Утренняя бодрость сменилась головной болью от почти бессонной ночи. Веки стали словно пластмассовыми. Кате казалось, что она по-прежнему спит и все, что с ней происходит, – скучный и бессмысленный сон. Сегодня ее не интересовали оконные галактики, а блокнот одиноко лежал на краешке стола. Дарья рассказывала какую-то забавную историю. В ушах Кати это звучало назойливым шумом. Заметив, что ее не слушают, Дарья замолчала и насупилась, как ребенок, на которого не обратили внимания. Но вскоре любопытство пересилило обиду. Дарья, решительно встала со своего рабочего места и устремилась прямиком к столу Кати.
– Эй, ты чего?
– Слишком громко. – Катя инстинктивно прикрыла ухо ладонью и скривилась, точно жевала лимон.
– А по-другому ты меня не слышишь, – пожала плечами Дарья. Не в ее правилах было извиняться. – Так что с тобой?
– Плохо спала.
– Тогда прогуляйся, купи себе кофе и взбодрись. – Катя знала, что Дарья пыталась о ней позаботиться, но слова прозвучали так, будто она отдавала приказ. – Кстати, на углу в киоске очень вкусный латте.
– Спасибо, – пробурчала себе под нос Катя и засуетилась, собираясь за кофе. Набросила на плечи пальто, спрятала в кармане кошелек и прихватила блокнот.
– А блокнот тебе зачем? – удивленно спросила Дарья и, хихикнув, добавила: – Ты и без того с ним ходишь повсюду. И ванну принимаешь?
– Привычка. – Катя передернула плечами, демонстрируя, что такие шутки ей не по душе.
– Можешь оставить его. Обещаю, что никто твои тайные записи не прочитает, – заверила Дарья и подмигнула.
Катя была вынуждена положить блокнот обратно.
Людям не нравятся чужие странности: они раздражают и создают повод для насмешек. Как смеялись над Шуриком, собирающим коллекцию бестолковых объявлений, как за спиной шутили над главредом, которая все новости считала беспрецедентными, так, возможно, обсуждали и ее, Катю, косо поглядывая на блокнот и строя предположения, почему она всегда носит его с собой. От этой мысли стало не по себе, словно она на самом деле подслушала чей-то разговор.
Катя поспешила уйти; вдогонку раздался громкий голос Дарьи, требующий прихватить кофейку и для нее. Интересно, она научилась манипулировать людьми из книжек по психологии или это умение дается некоторым с рождения?

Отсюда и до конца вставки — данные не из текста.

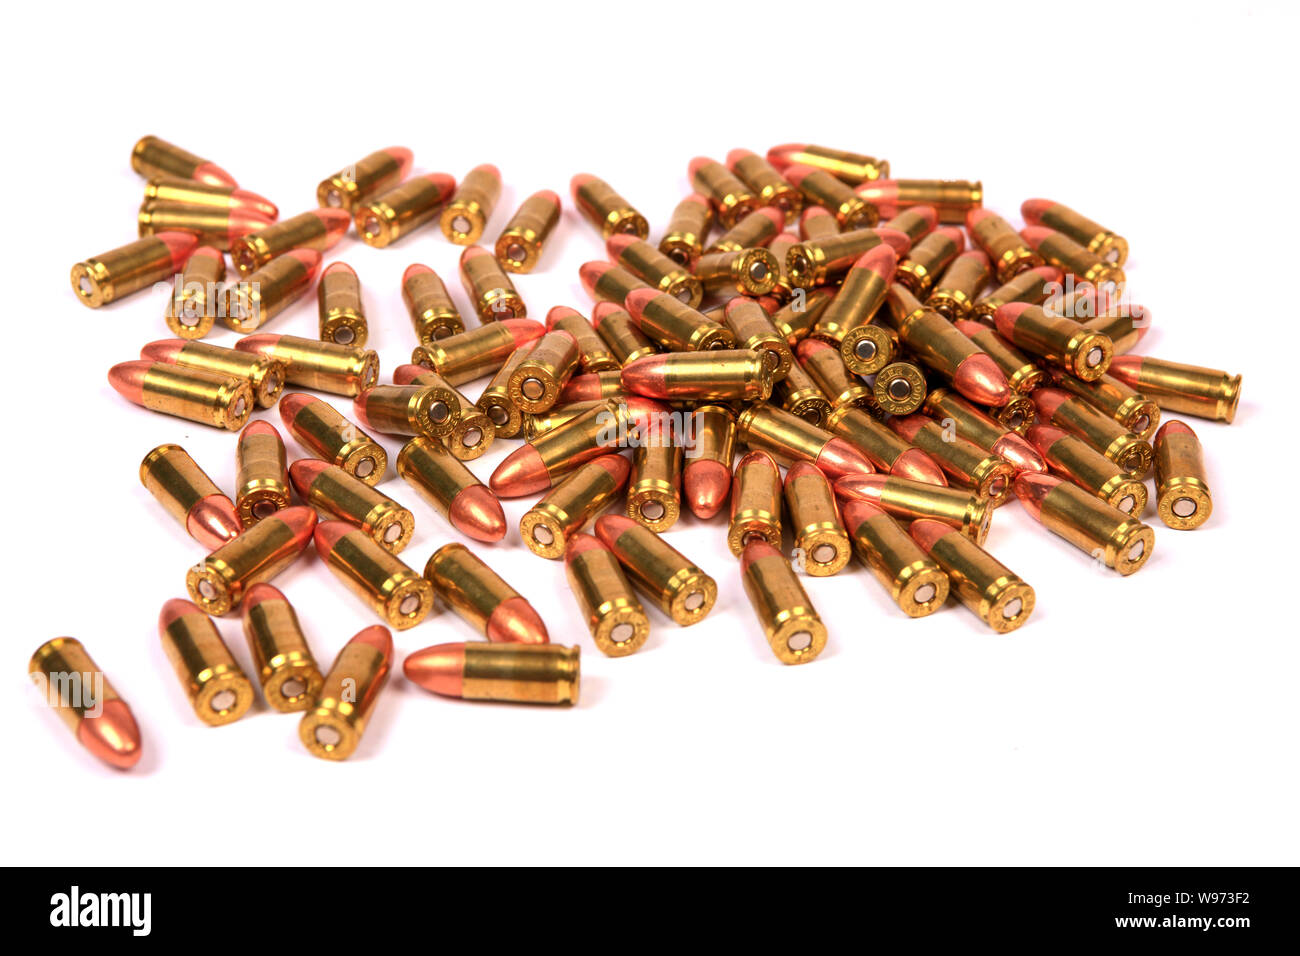 100 Umläufe von 9 mm Luger Messing mit Kupfer Tipps ammuntion Stockfoto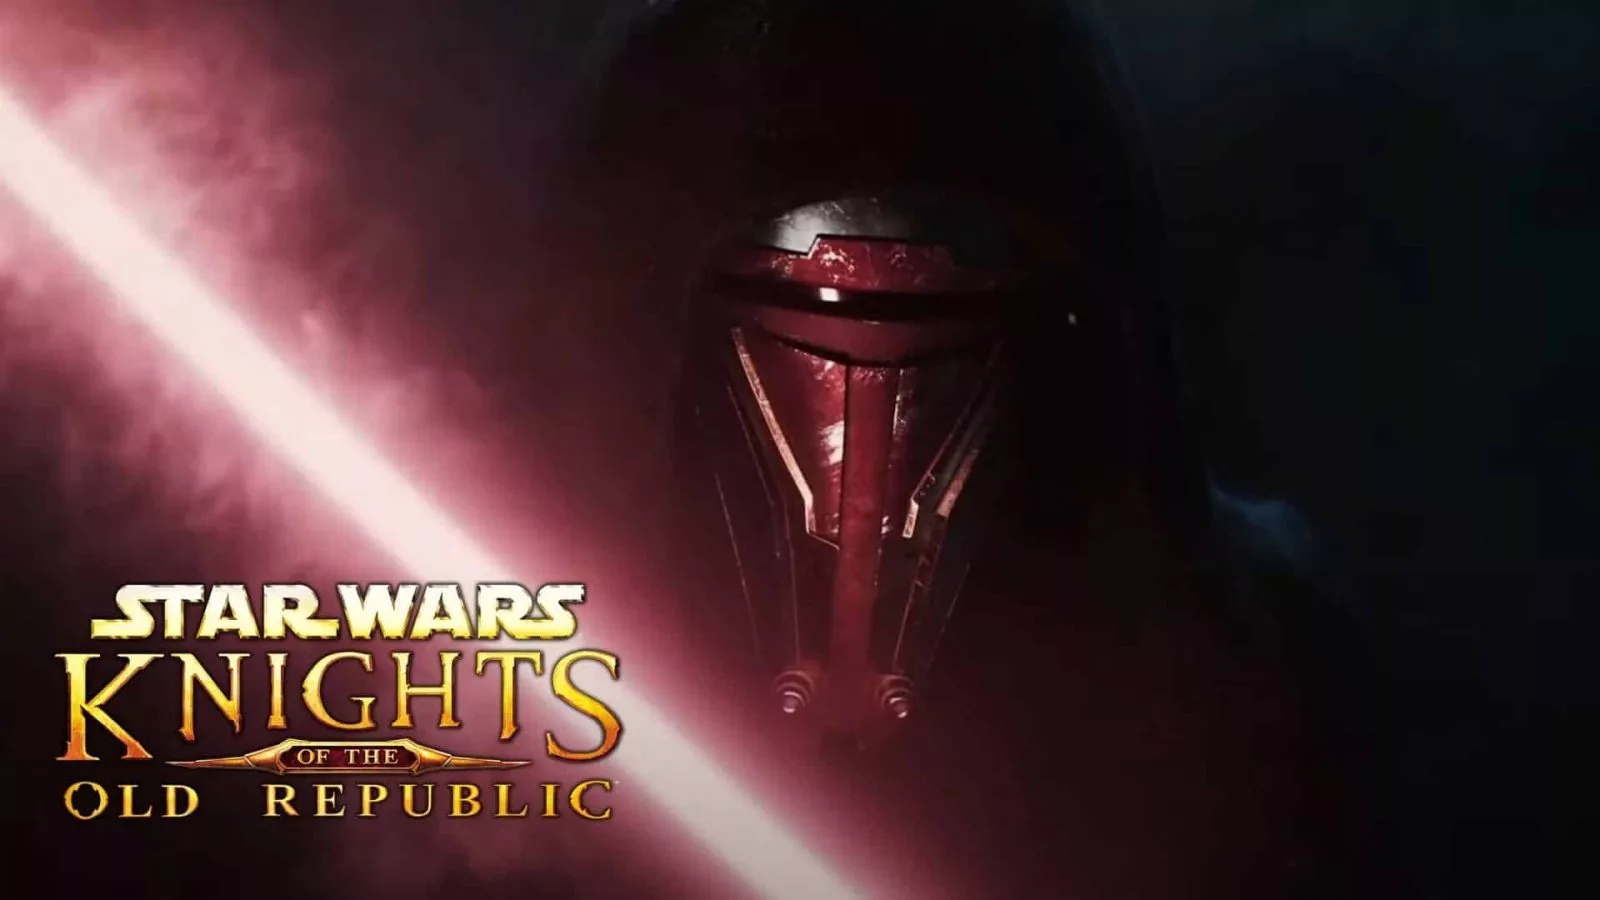 نسخه جدیدی از بازیStar Wars: Knights Of The Old Republic در حال تولید است

Город жил предчувствием дождя: воздух пах сыростью, ветер гонял по тротуару ворох желтых листьев. Люди спешили по улице в муравьиной суете; кутались в шарфы и хмурили брови, точно их лица были отражением туч. С неба сыпалась противная водяная пыль, будто кто-то там, наверху, шутки ради брызгал из пульверизатора. Катя поправила берет, съехавший на глаза, и спрятала руки в карманах пальто. До чего же противная погода!
Горячие стаканчики быстро согрели ладони. Кофе – это лекарство от осени. Глубокий вдох кофейного аромата – и ты уже не чуешь запаха прелых листьев; пара глотков обжигающе горячего напитка – и внутри тебя разливается тепло. Ты в блаженстве закрываешь глаза, чтобы обострить свои рецепторы, и, кажется, готова поселиться в этом кофейном стаканчике, свернувшись по-кошачьи на дне, и задремать до весны.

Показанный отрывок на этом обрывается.